> [INPUT DATA]
========================
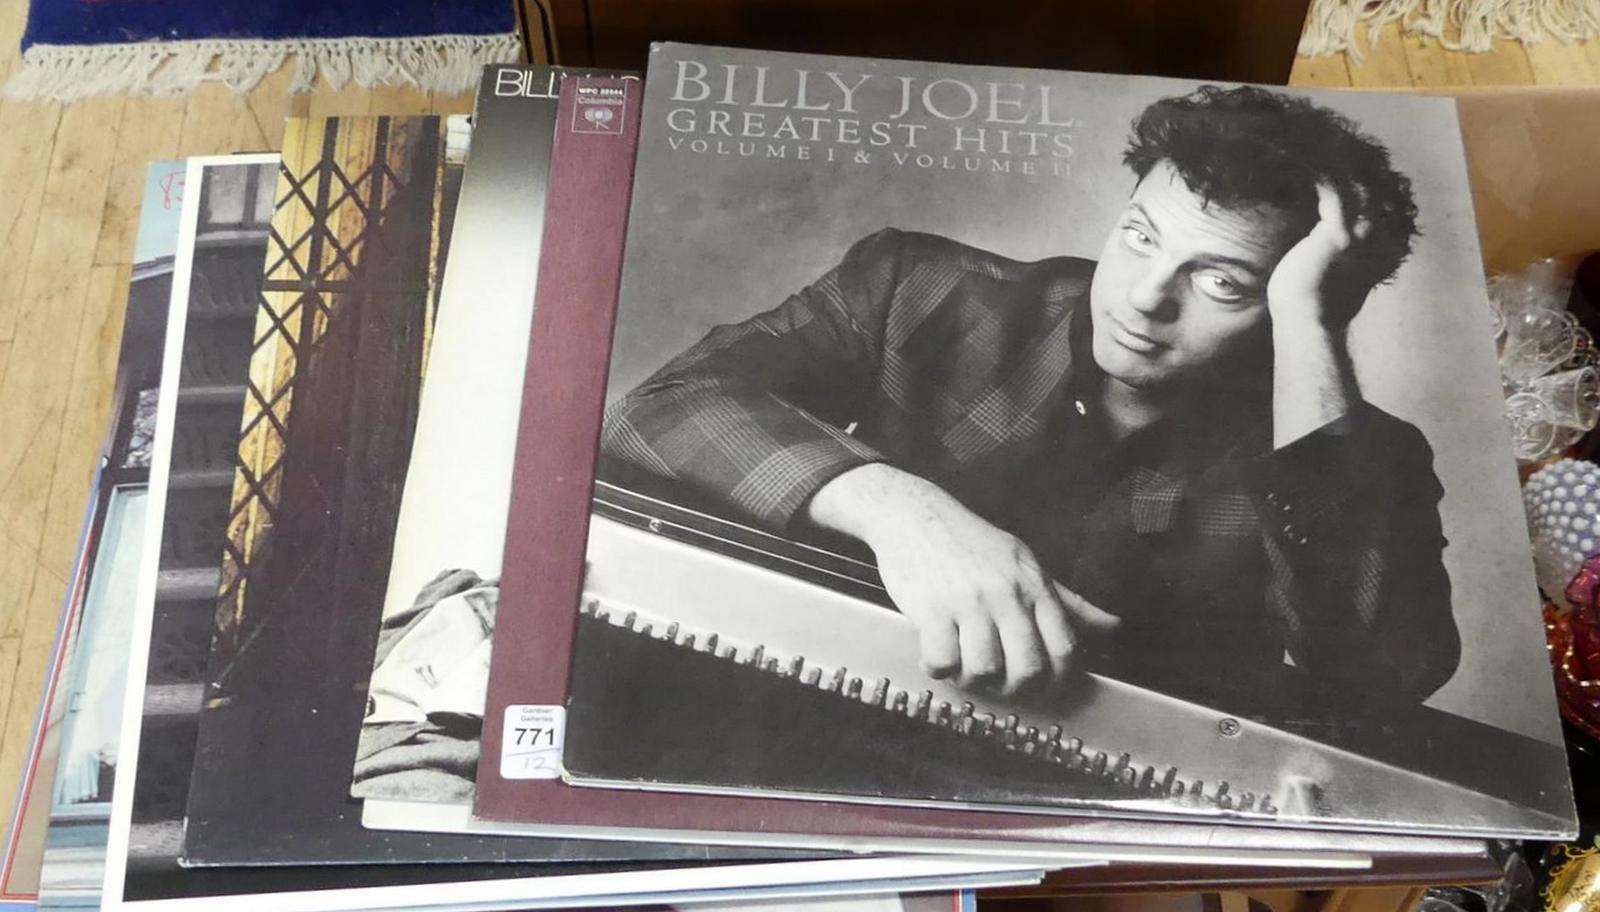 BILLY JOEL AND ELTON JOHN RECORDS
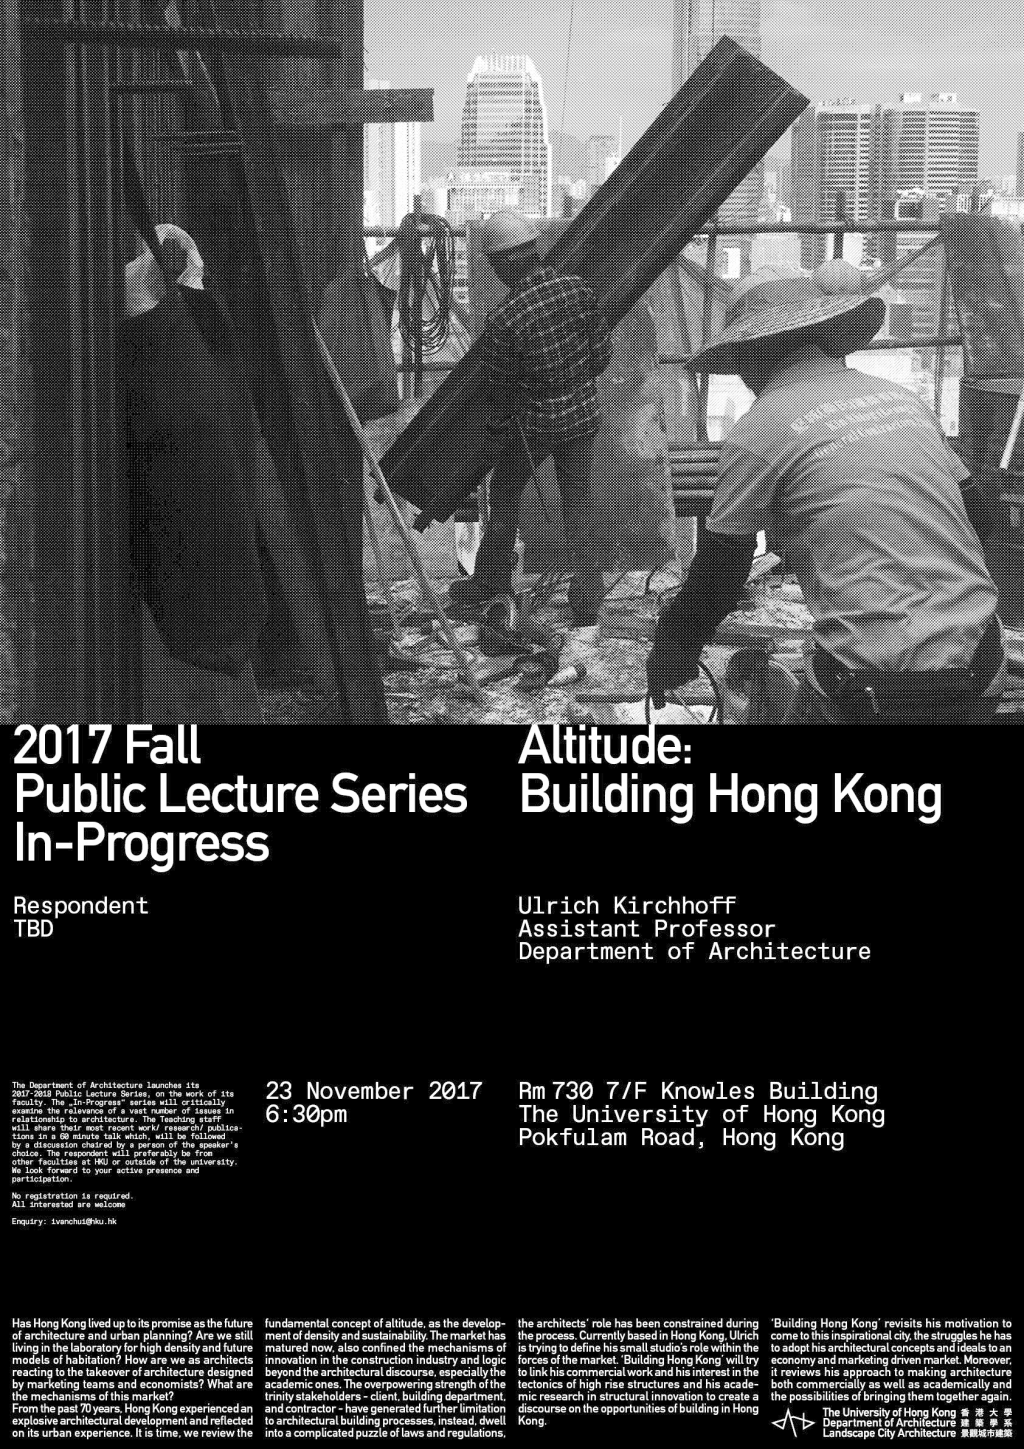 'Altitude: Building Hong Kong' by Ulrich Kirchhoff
========================
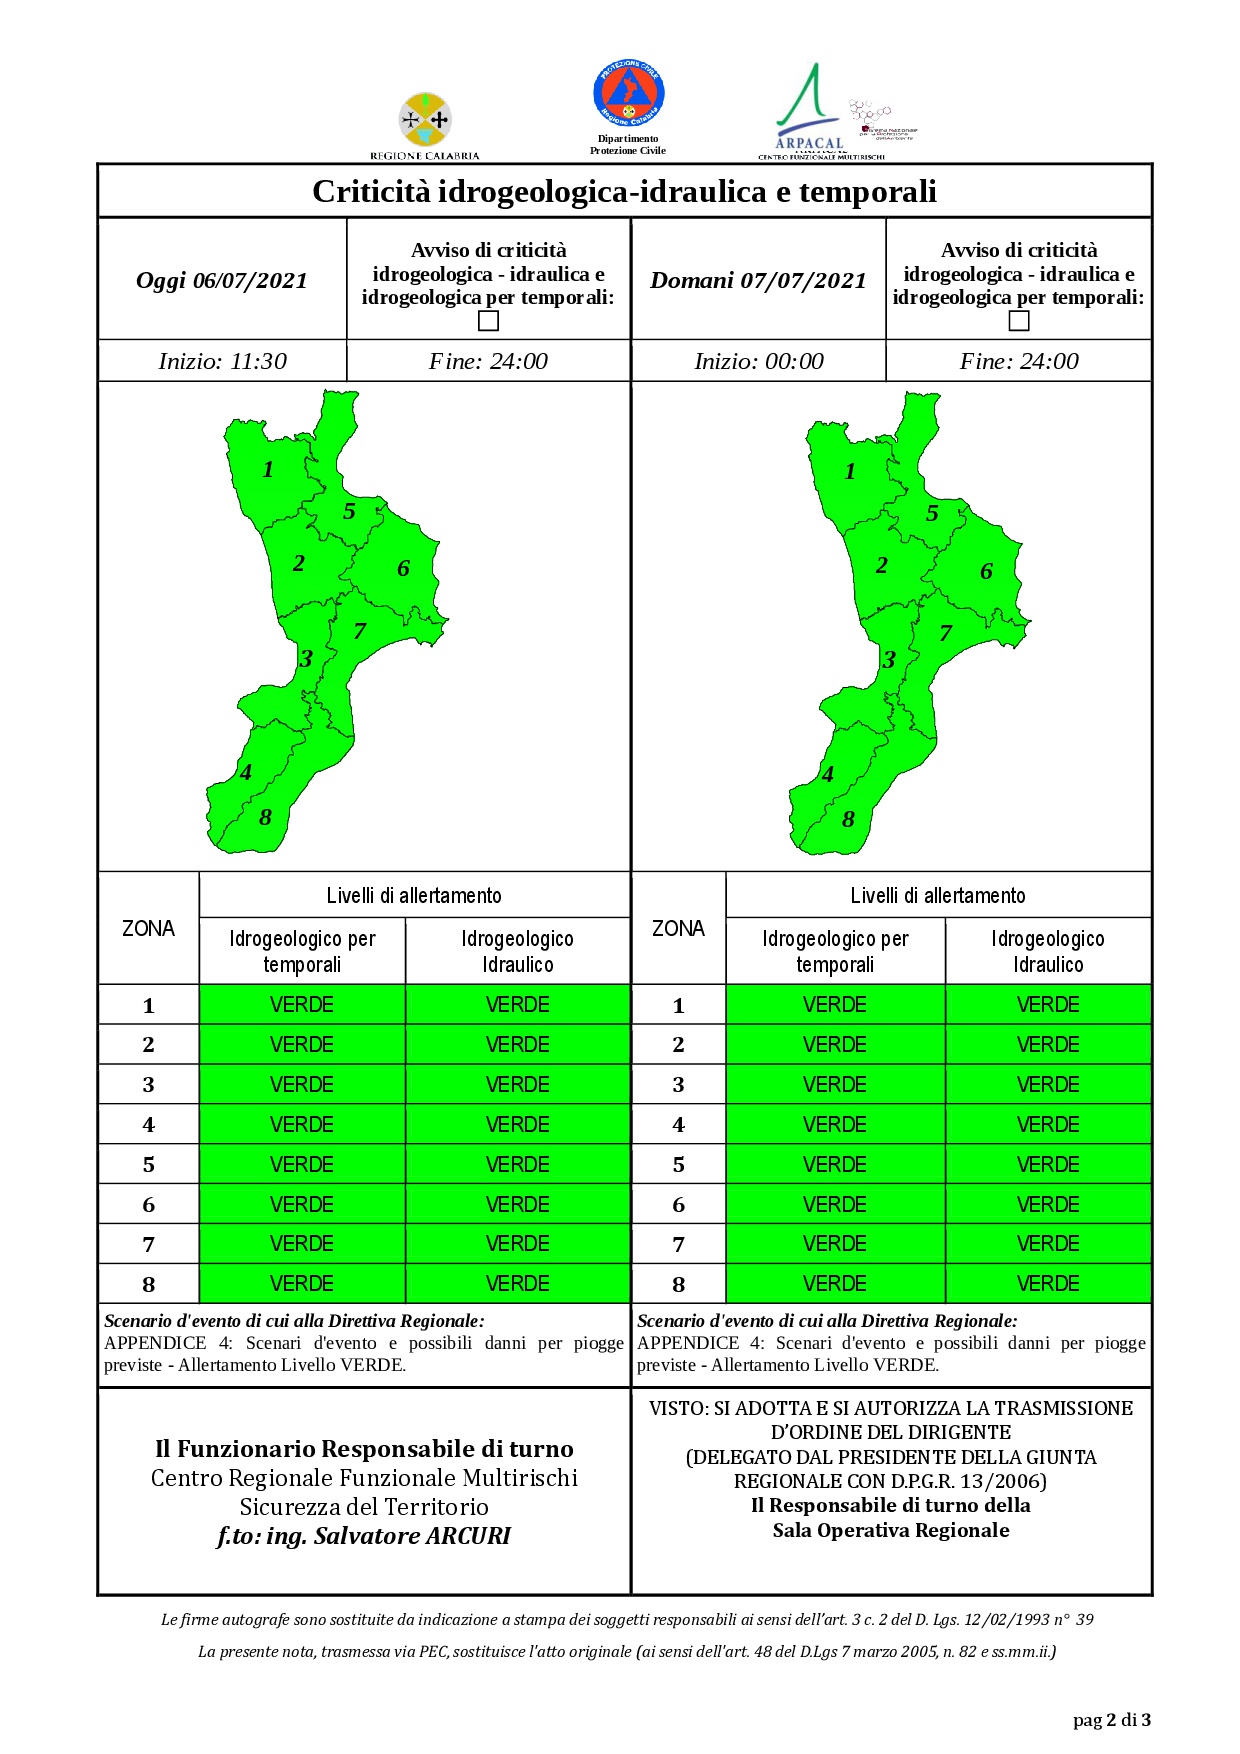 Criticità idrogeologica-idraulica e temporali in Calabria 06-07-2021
========================
> [WHAT IS EXPECTED] Your answer is the exact run of lines above from the one with "BILLY JOEL AND ELTON JOHN RECORDS" through the one with "by Ulrich Kirchhoff", both ends included, minus any picture.

> [FINISHED TASK]
 BILLY JOEL AND ELTON JOHN RECORDS
 'Altitude: Building Hong Kong' by Ulrich Kirchhoff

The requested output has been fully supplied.